Lifestyle

Scientists Report They've 'Cured' Second Patient Of HIV

by Sarah Aswell
Image via Westend61/Getty Images

After a bone marrow transplant, the deadly HIV virus can no longer be detected in the patient’s body

For only the second time in over decade, scientists have reported that they’ve “cured” HIV in a patient, completely eliminating the virus from the man’s body through a bone marrow transplant. While the news likely won’t lead to a widespread cure in upcoming years, for a couple of reasons, it’s still a big leap forward in HIV and AIDS research.

The cure announcement was made in a report published in Nature, from a group of researchers working at University College London.

In this most recent case, doctors performed a bone marrow transplant (also known as a stem cell transplant) on a patient suffering from both HIV and Hodgkin’s lymphoma, a common cancer. The person who donated their stem cells had a CCR5 gene mutation, which protects the small percentage of the population that carries it from the most common strain of HIV. Very basically, the man (who is remaining anonymous) was given a new immune system that protected him from the virus.

The man was diagnosed with HIV in 2003 and cancer in 2012. He underwent the stem cell transplant 18 months ago and now shows no trace of the virus in his body. Two months ago, he stopped taking the anti-viral medications that most HIV patients are on to manage the disease.

“I feel a sense of responsibility to help the doctors understand how it happened so they can develop the science,” he told The New York Times. “I never thought that there would be a cure during my lifetime.”

He also said that being cured of both cancer and HIV was “surreal” and “overwhelming.”

This is only the second time that HIV has been cured in a patient – despite many attempts after the first cure was announced. The first time it happened was with a man named Timothy Ray Brown, also known as the Berlin patient, who was cured in 2007 after a similar stem cell transplant. Twelve years later, though there are some small traces of the virus in some of his cells, he is ostensibly without signs or symptoms of the disease.

Researcher Ravindra Gupta writes, “it is premature to conclude that this patient has been cured,” but at the same time, the virus has been completely eliminated and many researchers are celebrating it as such.
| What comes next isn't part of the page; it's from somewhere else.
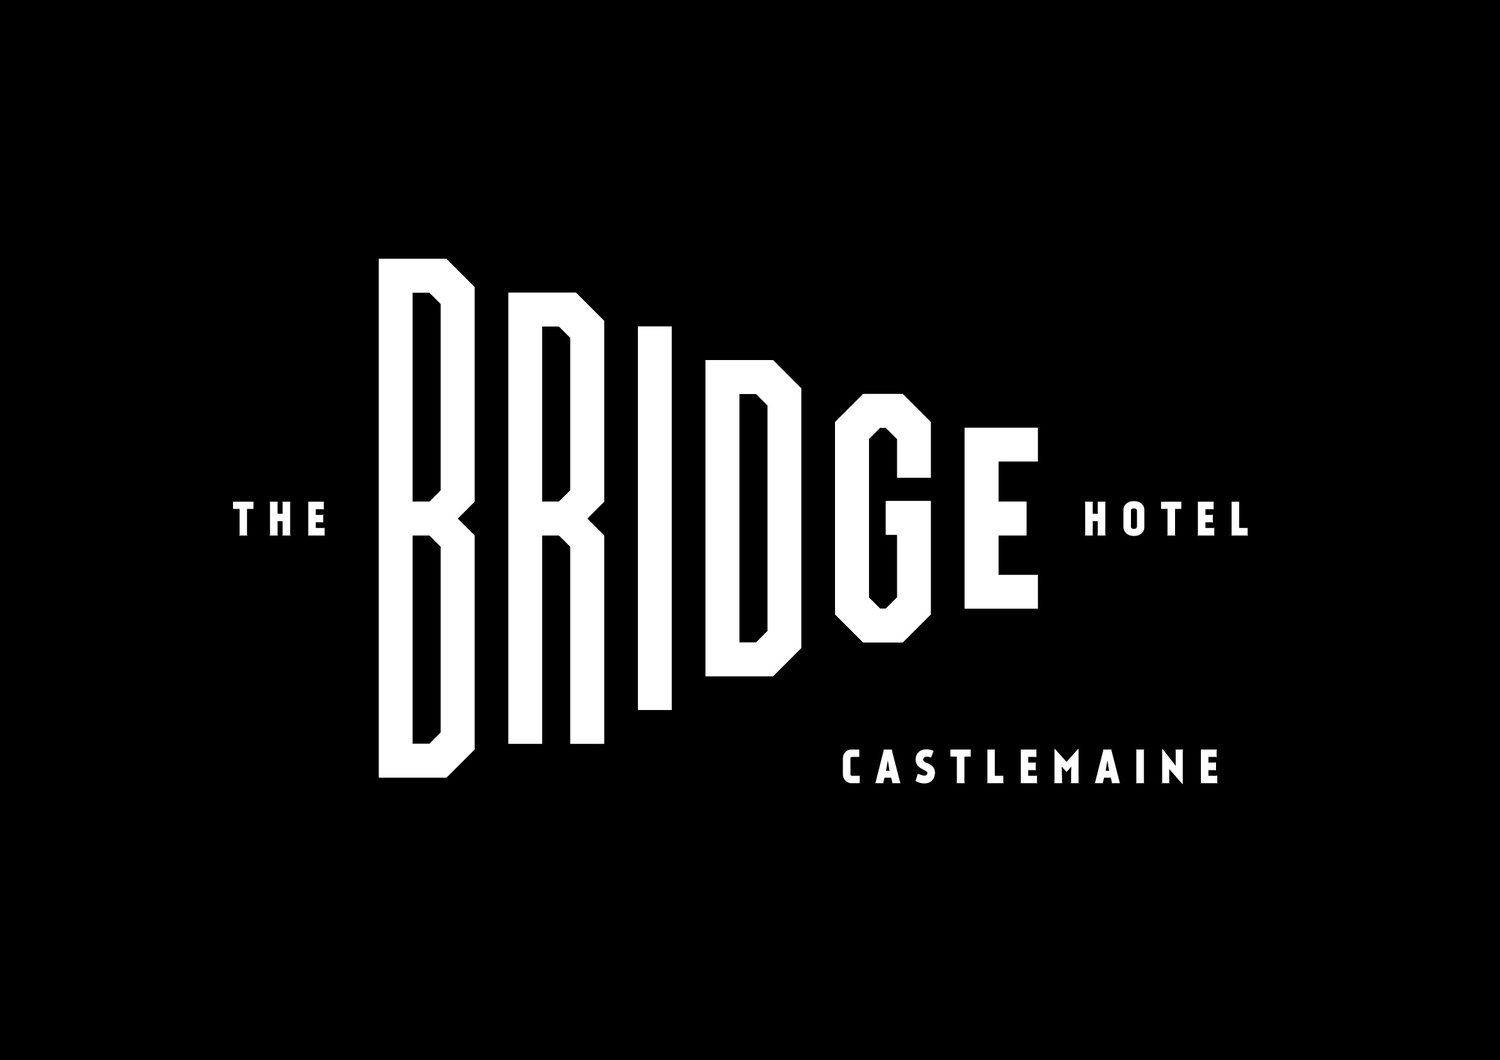 The Bridge Hotel

While this is good news, researchers warn that this is only another step on what’s likely a long path toward a viable and easy cure. Stem cell treatments are very risky, difficult, painful, and expensive – and at least at this point, the outcome is far from guaranteed. You also need to find a donor with a CCR5 mutation, which is about one percent of the population. While some cancer patients get stem cell treatments in hopes of a cure, they are usually in a more dire situation than HIV patients, who now can enjoy full lifespans as long as they are properly medicated.

However, doctors stress that while it isn’t an all-out cure, it’s still very good news.

“This will inspire people that cure is not a dream,” Dr. Annemarie Wensing, a virologist at the University Medical Center Utrecht in the Netherlands, told the New York Times. “It’s reachable.”